» **Required action**
A verbatim copy of all the data is required; the pictures should not appear in it.

» **Data extract**
══════════════════════════════

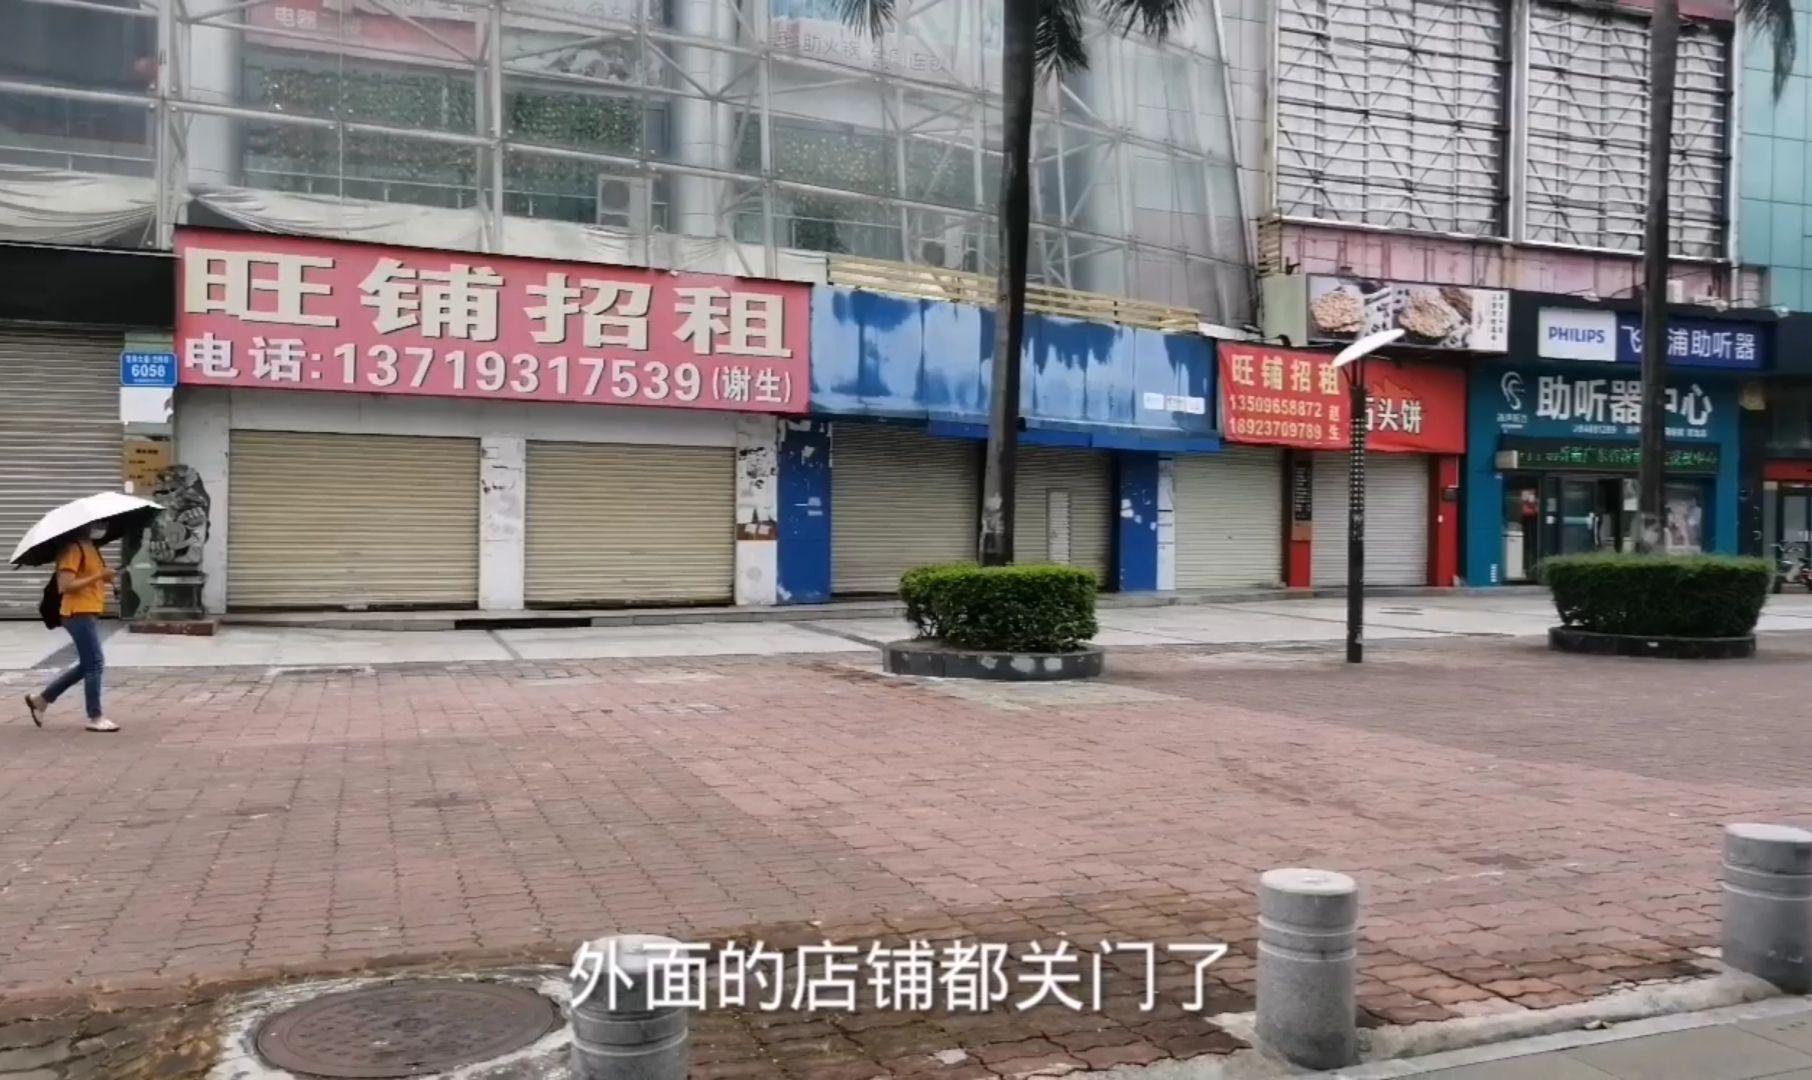 重庆大型商场倒闭,屈臣氏肯德基全撤离,整片商圈建筑漂亮却没有一个人
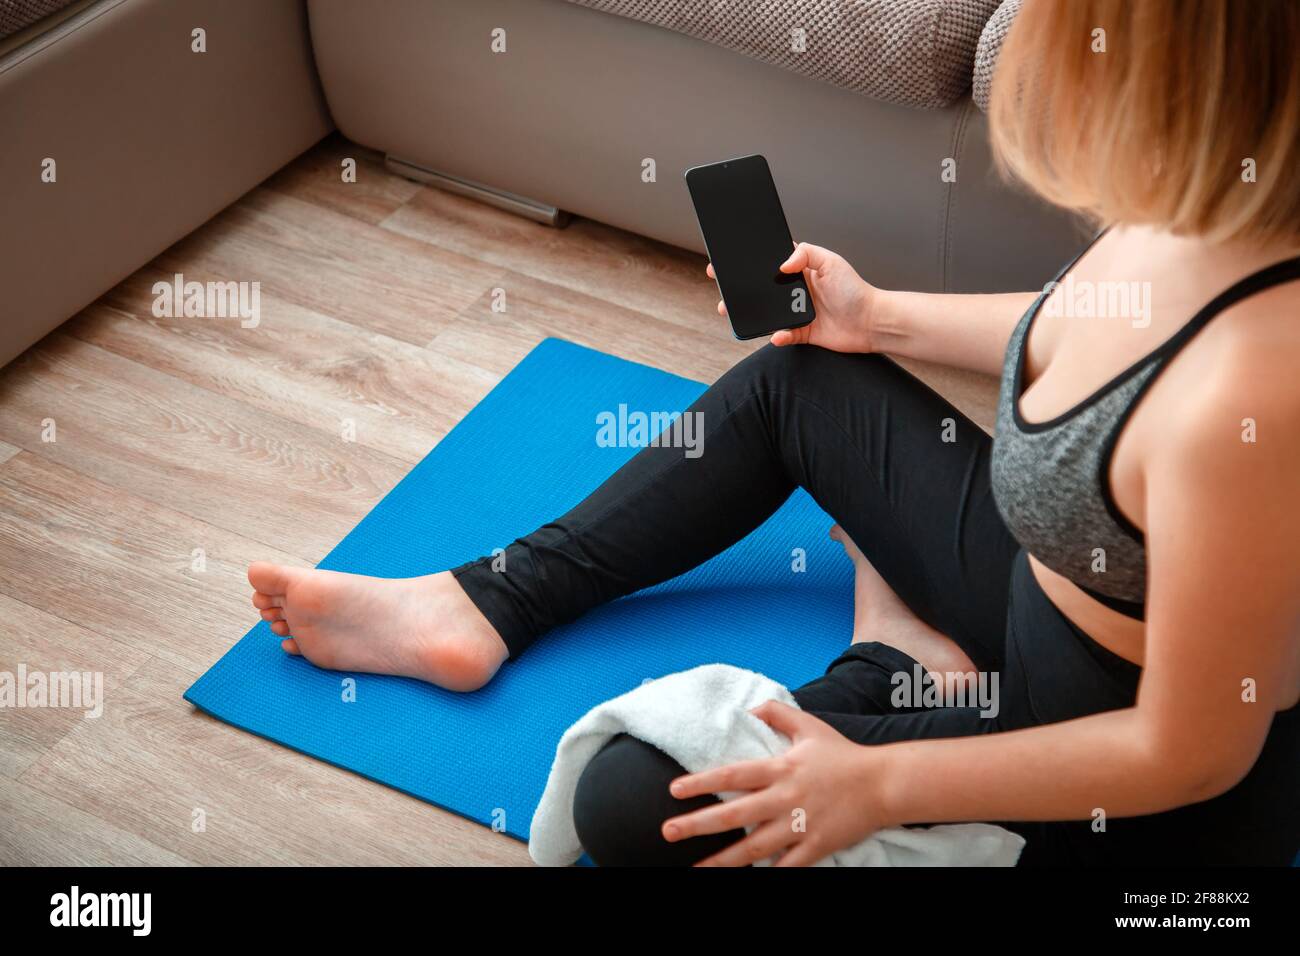 Mockup für App Online-Fitness-Programm, Remote Yoga-Klasse. Frau in Sportbekleidung hält Smartphone mit leerem Bildschirm für Sport oder Musik-App während eines Wor Stockfoto
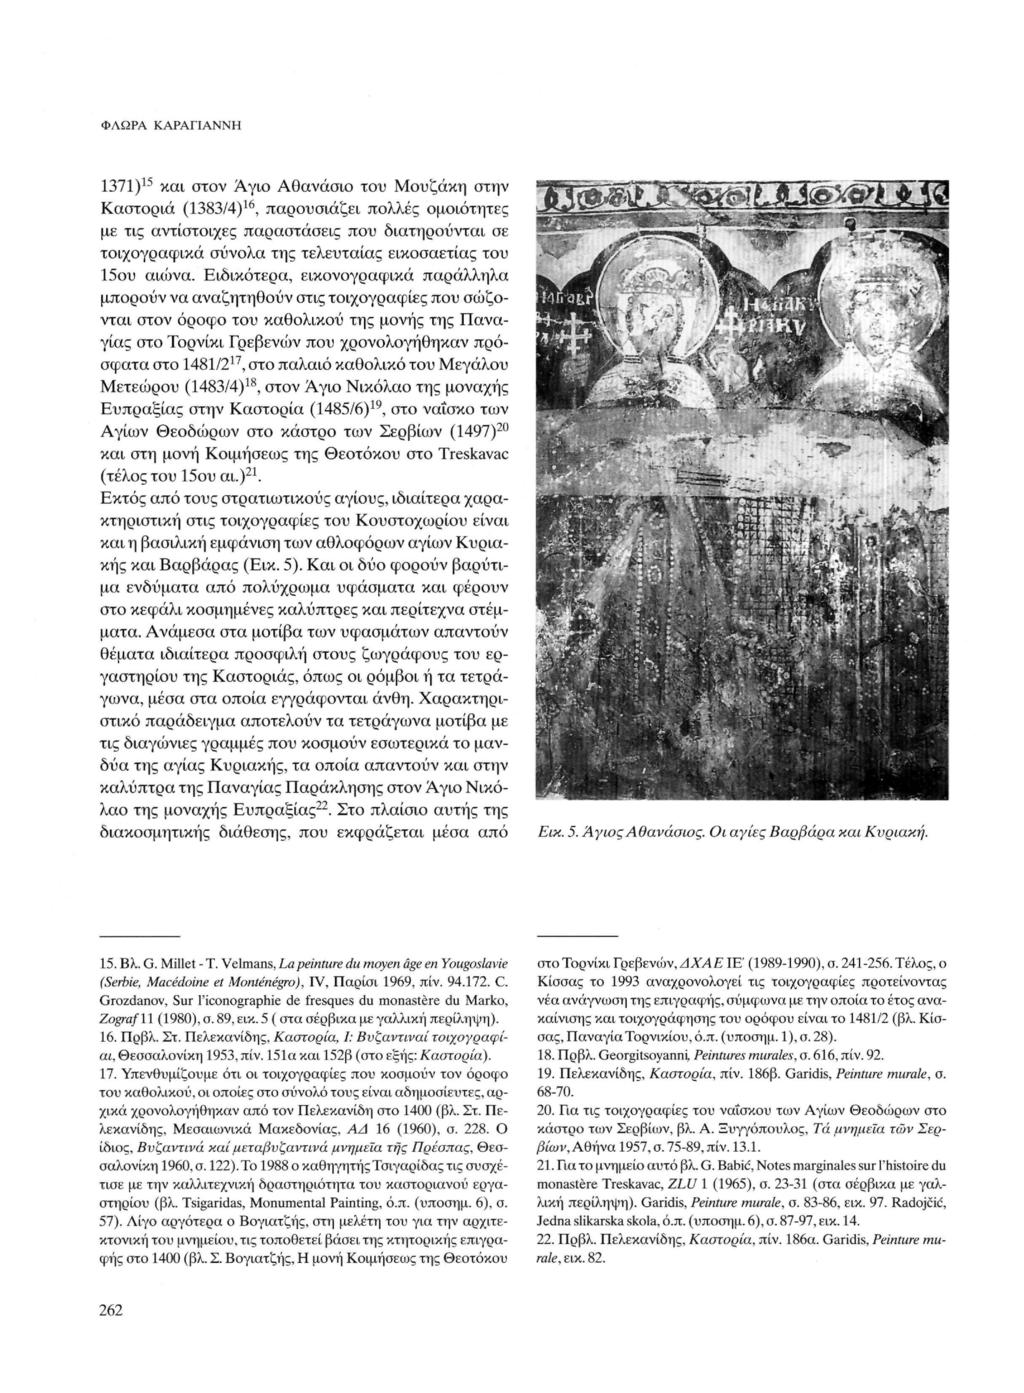 ΦΛΩΡΑ ΚΑΡΑΠΑΝΝΗ 15 1371) και στον Άγιο Αθανάσιο του Μουζάκη στην 16 Καστοριά (1383/4), παρουσιάζει πολλές ομοιότητες με τις αντίστοιχες παραστάσεις που διατηρούνται σε τοιχογραφικά σύνολα της
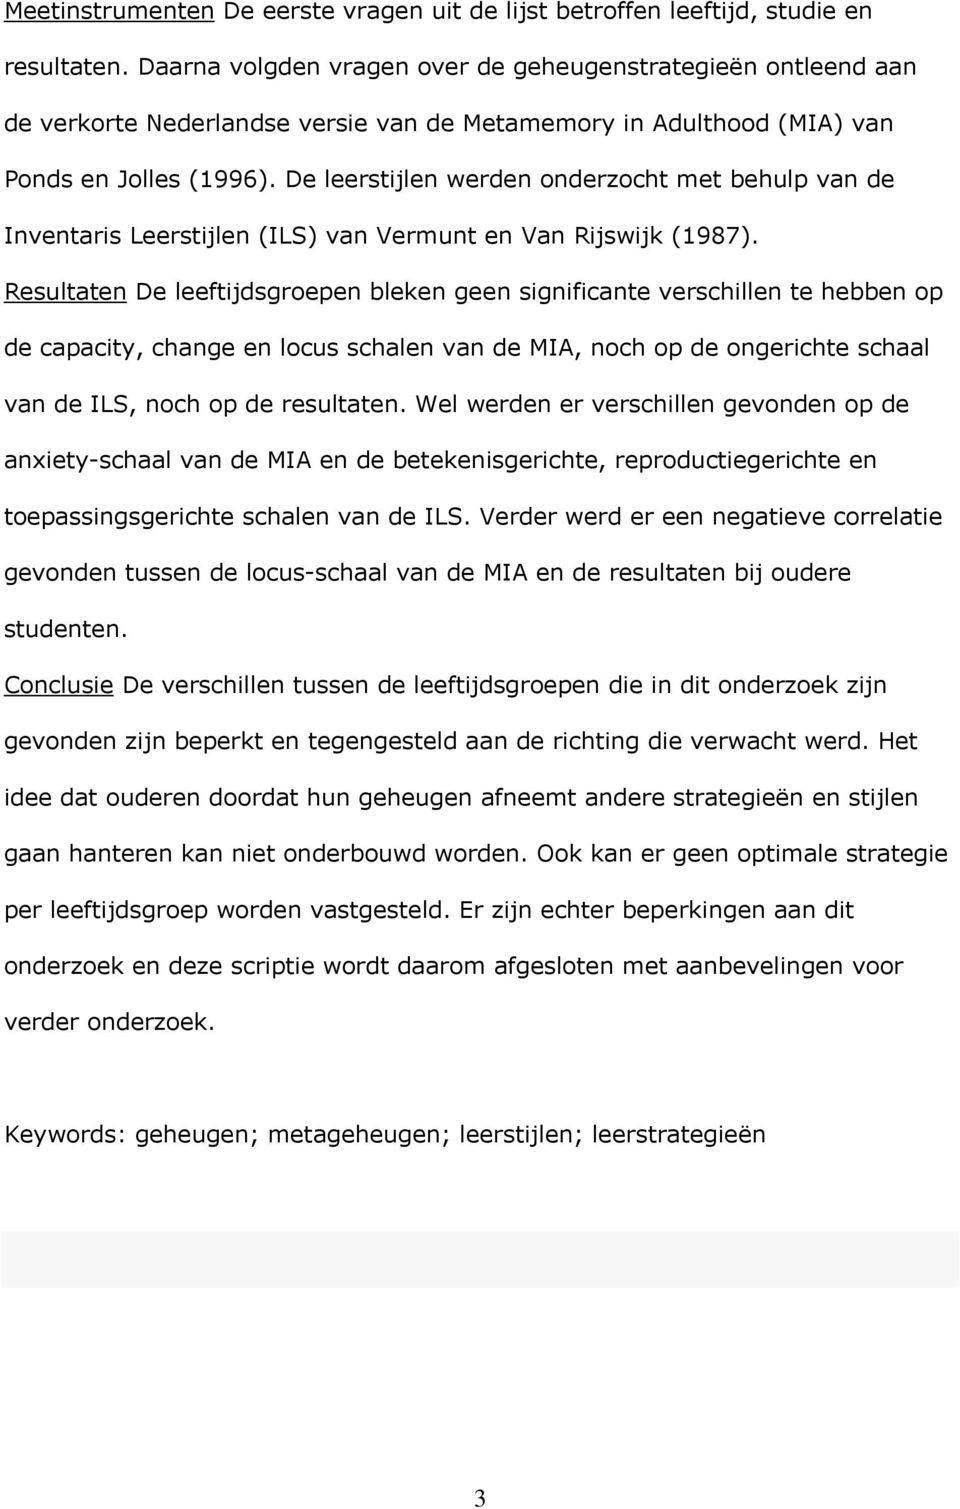 De leerstijlen werden onderzocht met behulp van de Inventaris Leerstijlen (ILS) van Vermunt en Van Rijswijk (1987).

══════════════════════════════

» **Exercise output**
 重庆大型商场倒闭,屈臣氏肯德基全撤离,整片商圈建筑漂亮却没有一个人
 Mockup für App Online-Fitness-Programm, Remote Yoga-Klasse. Frau in Sportbekleidung hält Smartphone mit leerem Bildschirm für Sport oder Musik-App während eines Wor Stockfoto
 ΦΛΩΡΑ ΚΑΡΑΠΑΝΝΗ 15 1371) και στον Άγιο Αθανάσιο του Μουζάκη στην 16 Καστοριά (1383/4), παρουσιάζει πολλές ομοιότητες με τις αντίστοιχες παραστάσεις που διατηρούνται σε τοιχογραφικά σύνολα της
 De leerstijlen werden onderzocht met behulp van de Inventaris Leerstijlen (ILS) van Vermunt en Van Rijswijk (1987).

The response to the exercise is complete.